With a guitar riff that blatantly rips off Sabbath’s “Black Sabbath,” Image’s mostly instrumental lysergic obscurity “Witchcraft ’71” (originally unveiled that very year) also boasts a horror-movie organ intro, a voodoo drum break and some championship chanting. Private press heads might recall late Image drummer John Beke from his ’80s reemergence with country rockers Crossfyre.

Stone Hedge were a seven-piece rock band out of Michigan with a penchant for Creedence and anthropomorphism. “Smokey Bear” is their 1972 tribute to the official mascot of the U.S. Forest Services—not to mention the A side of their sole single—and it recalls the kind of organ-drenched swamp jam that soundtracked many a Burt Reynolds flick back in the day.

If you think being a Southern rock band from Milwaukee doesn’t make much sense, that’s probably why Crossfire changed their sound along with their name—to Bad Boy—after signing with United Artists.
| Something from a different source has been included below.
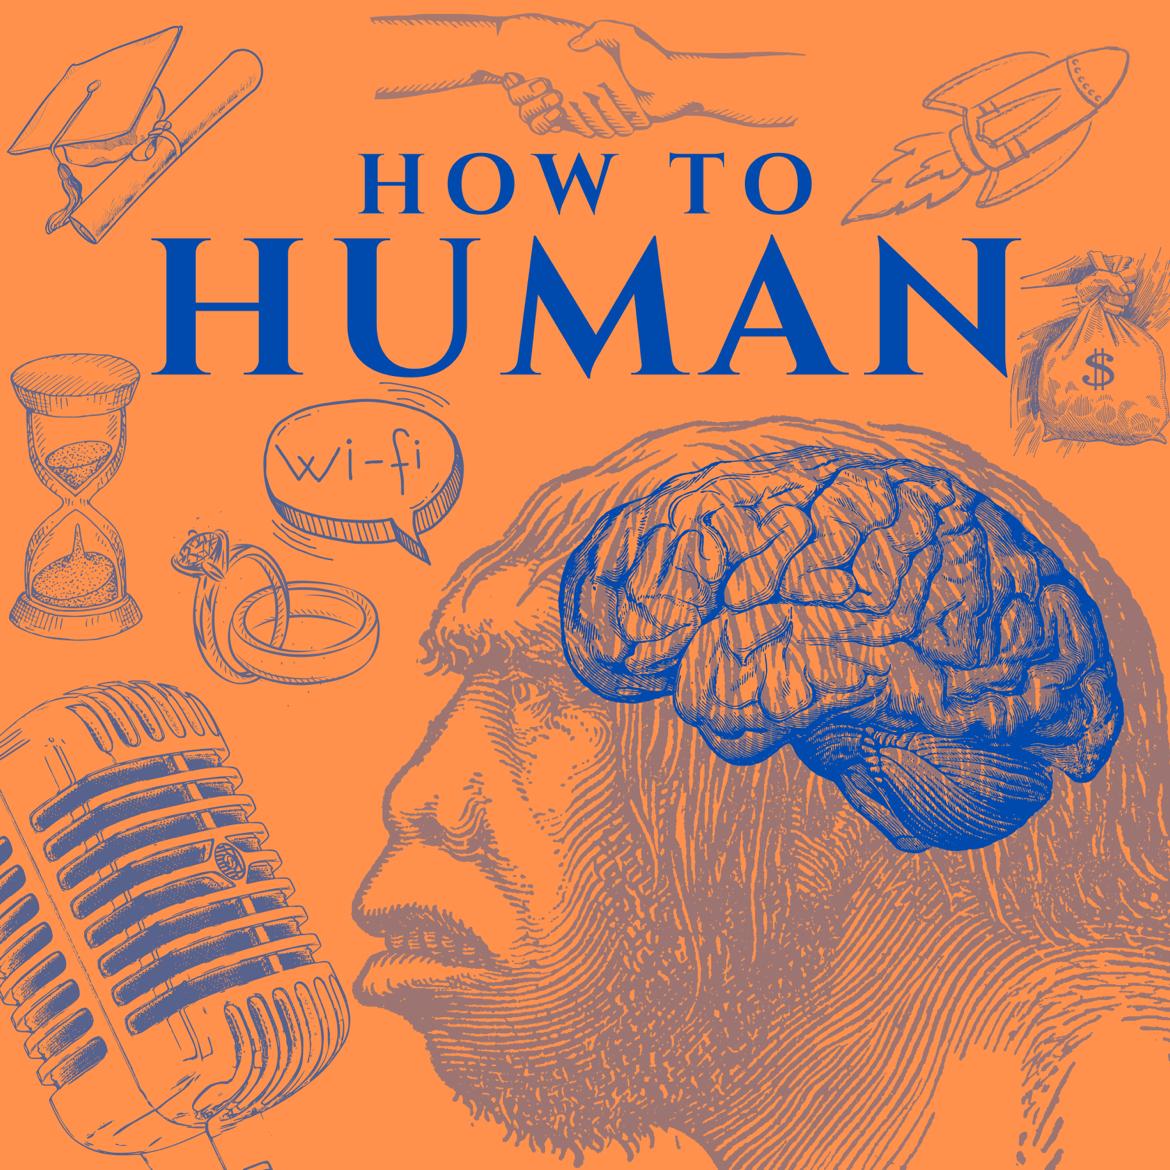 How To Human's images

Bad Boy’s severely underappreciated second album, Back To Back, is a 1978 hard rock jewel, but you can hear their boogie-woogie roots on this rare 1975 single.

With a band name like Primevil and song title like “Too Dead To Live,” you probably expect some gnarly proto-metal riffage. Instead, you a get a harmonica-drenched, soul-infused rock rave-up from 1972. Primevil would release their sole LP two years later: Entitled Smokin’ Bats at Campton’s, it’s a reference to their trusty singer, harp player (and bat smoker?), Dave Campton.

Brown Acid regulars already know Pegasus from their appearance with “The Sorcerer” on our Seventh Trip. “Ready to Rave” is the flipside to that 1972 single, in which they explain how they like their whiskey cold and their women hot. It’s another killer glimpse of what might have been if these one-and-done Baltimore hard rockers had been able to keep it together.

One of two obscure singles released by Texas musician Bobby Mabe in 1969 (the other appears under the name The Outcasts), “I’m Lonely” delivers a heavy dose of vocal soul to the otherwise psych-garage presentation. Fans of fellow Houstonians the Moving Sidewalks—whom Bobby and his Outcasts may well have gigged with—will especially dig this one.

Cedar Rapids, Iowa, may not be known as a cultural mecca, but they did give us Truth & Janey. This deadly hard rock trio delivered their holy grail full-length, No Rest for the Wicked, back in 1976. “Around and Around” is a Chuck Berry cover that originally appeared on a 1973 single the band released under the earlier name Truth.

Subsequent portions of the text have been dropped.